And that’s really a great place to stop the story.

Chapter 149 (151) is Locks

It doesn’t say “Interlude: Locks” in my ARC or in the e-book, so we know we’re into closing the frame as soon as K talks about this being a good place to stop before things get dark again.

There’s a bad hand reference:

He idly rubbed his hands together, right hand massaging the left absent-mindedly.

It’s not his hands that got stomped by the soldiers, and anyway, Bast has fixed him.

Chronicler puts the pages in his satchel with the holly crown. K takes the dishes into the kitchen. Bast sits still, barely breathing. Ksuggests he might want to go back to Shep’s wake, and he says he’d rather go to bed. K looks concerned and says Bast just had a rough day and he’ll be fine tomorrow—this doesn’t fit the “jailor Bast” theory. (Is D3 here yet?)

K locks the door and leaves the key in the lock in case Chronicler is up first. He says he doesn’t tend to sleep much but tonight he might make an exception. Chronicler goes to bed. K sweeps the floor and cleans up then goes to bed.

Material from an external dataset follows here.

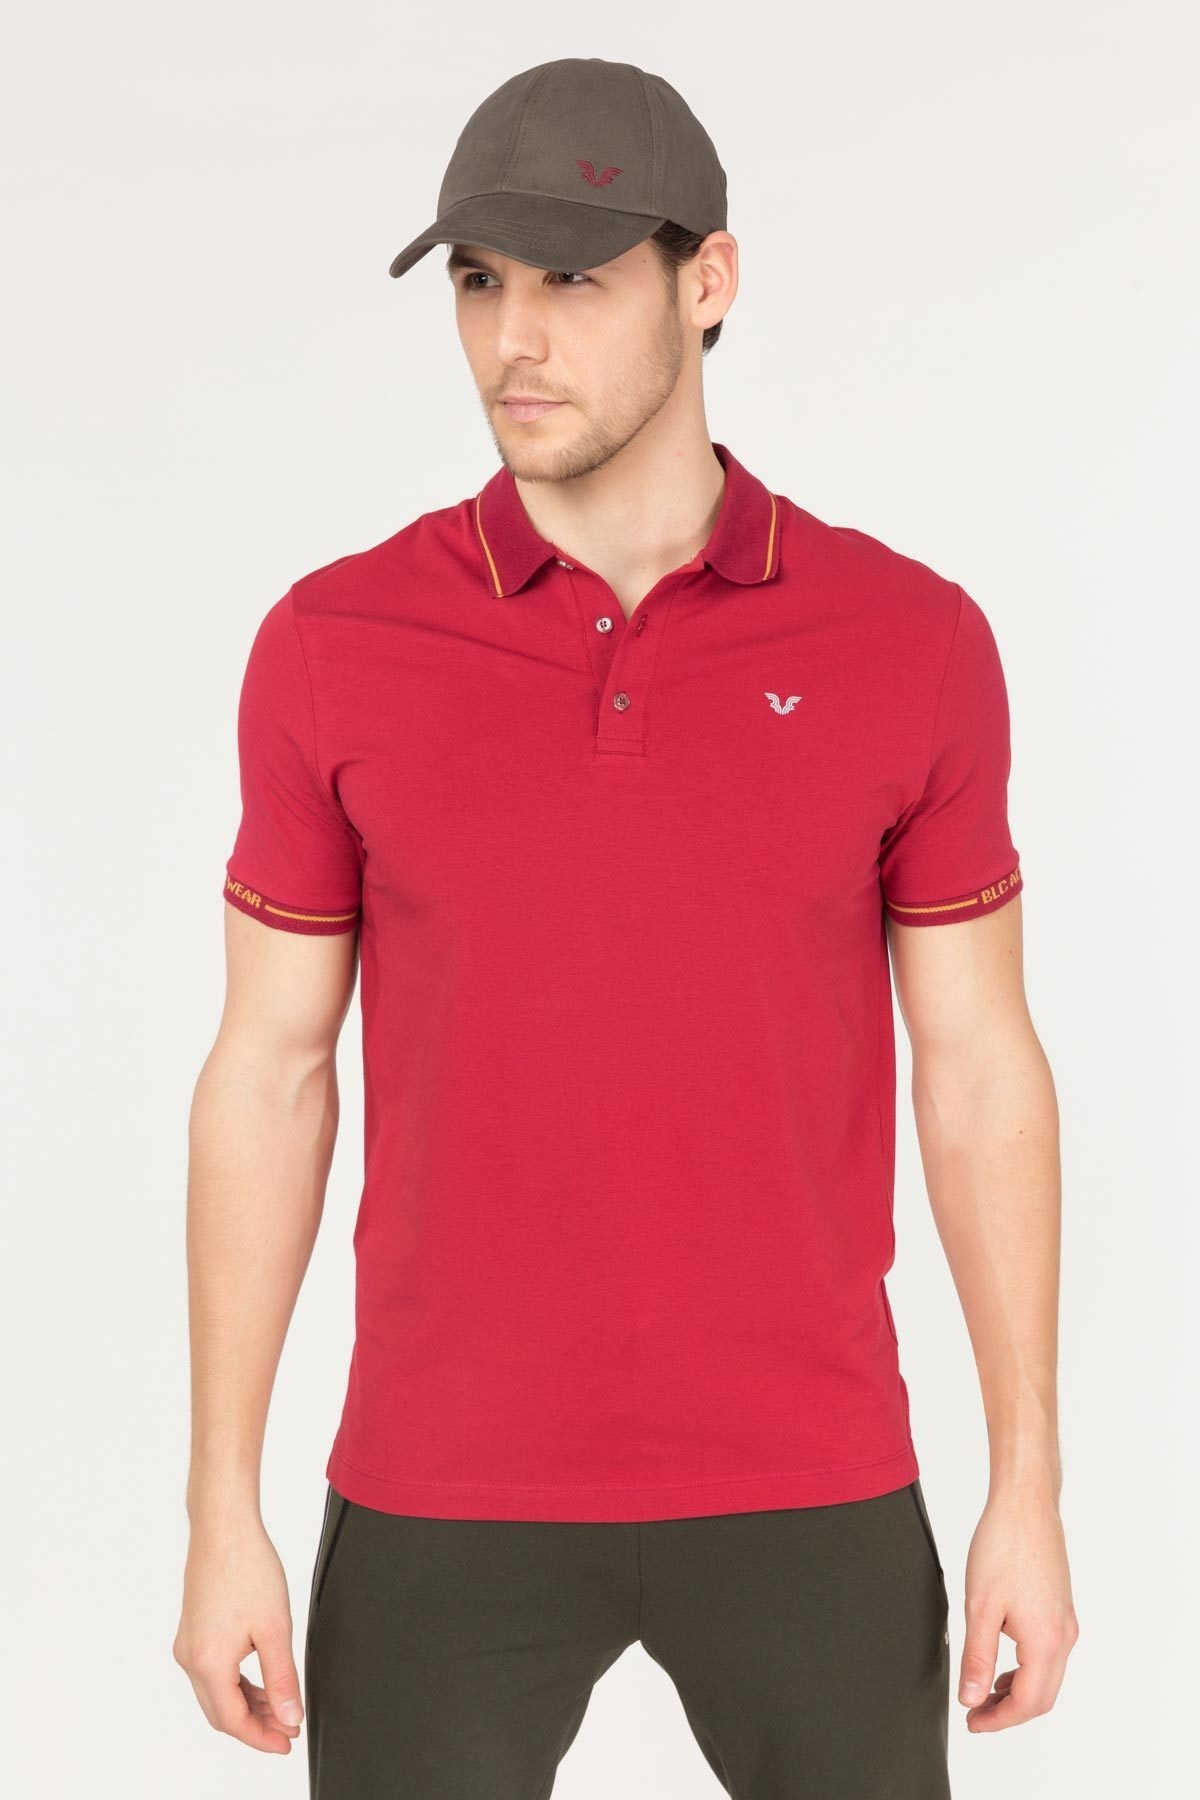 bilcee Bordo Polo Yaka Pamuklu Erkek T-Shirt FS-1759 2
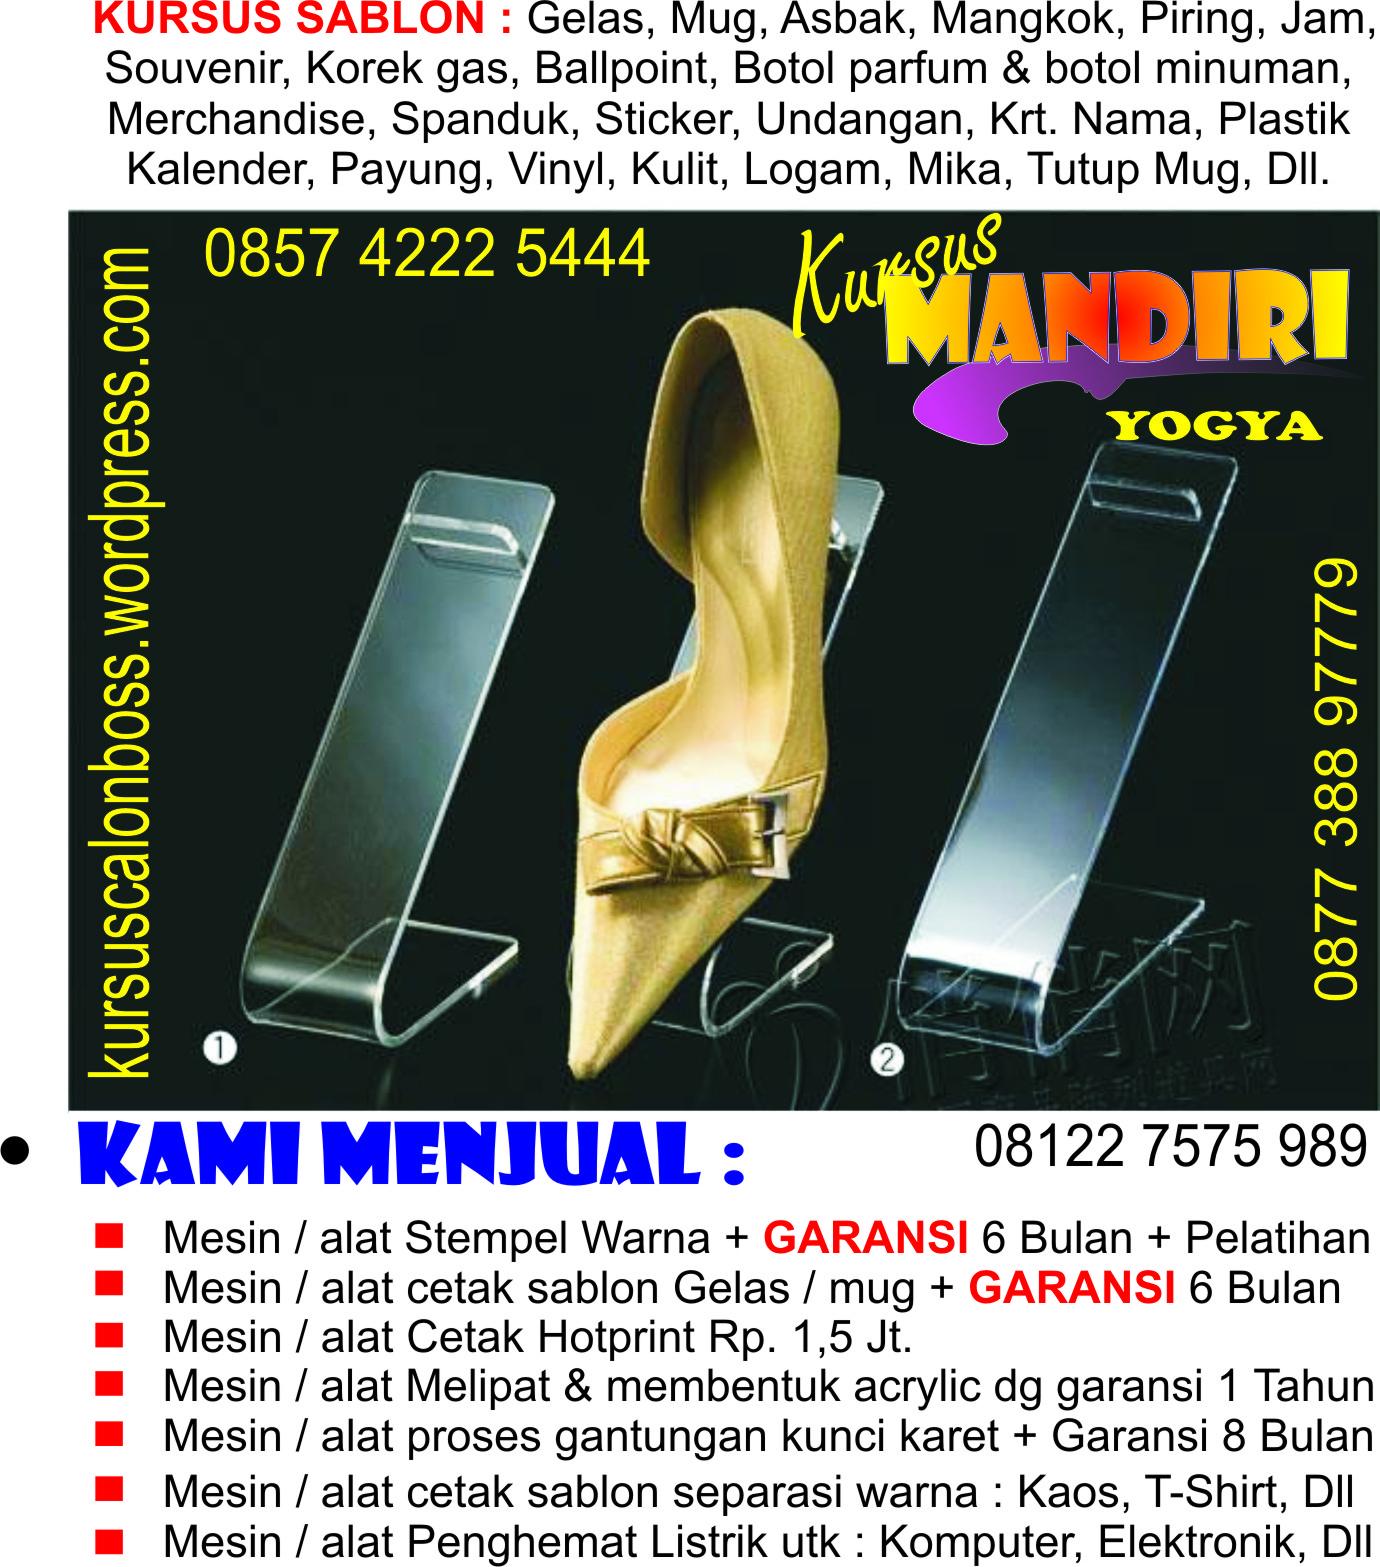 Jasa Desain Kartu Nama Brosur: Fiberglass, Sandblasting, Etsa Kaca, Emboss, Digital

Bast goes into his room. Nothing but “ash and cinder” remains of his morning’s fire. (This was one of the lines that made me feel Cinder was Master Ash.) He sits wrapped in a blanket in front of the cold fire until Chronicler comes tapping at his window. When he hears the sound he snatches up “something” which glints of metal. (Is it possible to have unreliable third person narration? Oh yes.) It’s a pair of long knives, we learn after he lets Chronicler in and lights a lamp. They are compared to grass and a thorn—very Fae knives, clearly. I wonder what they’re made of?

Chronicler looks at the room, which is richly furnished and full of tat—pictures, trunkets and oddments, including rings of horn, leather, and woven grass. Oh we are definitely in rural Vintas, and horn means enmity if I remember, and do we know about grass or leather? There’s also holly and a pair of leaf-bladed hatchets.

Chronicler asks about the CTH. Bast says it’s not healthy to talk about it. Chronicler says he doesn’t understand, and Bast says he’s not very smart. Bast keeps staring and the cold fireplace, is that significant? We’ve seen K chopping wood, he’d only have to go down and get some if he wanted a fire. Bast says the CTH knows everything. Chronicler says that makes it irritating, and Bast incoherently swears in Fae:

“Dyen vehat. Enfeun vehat tyloren tes!”

I think this means “You are an ignorant aardvark! An ignorant aardvark flaunting your blinkers!”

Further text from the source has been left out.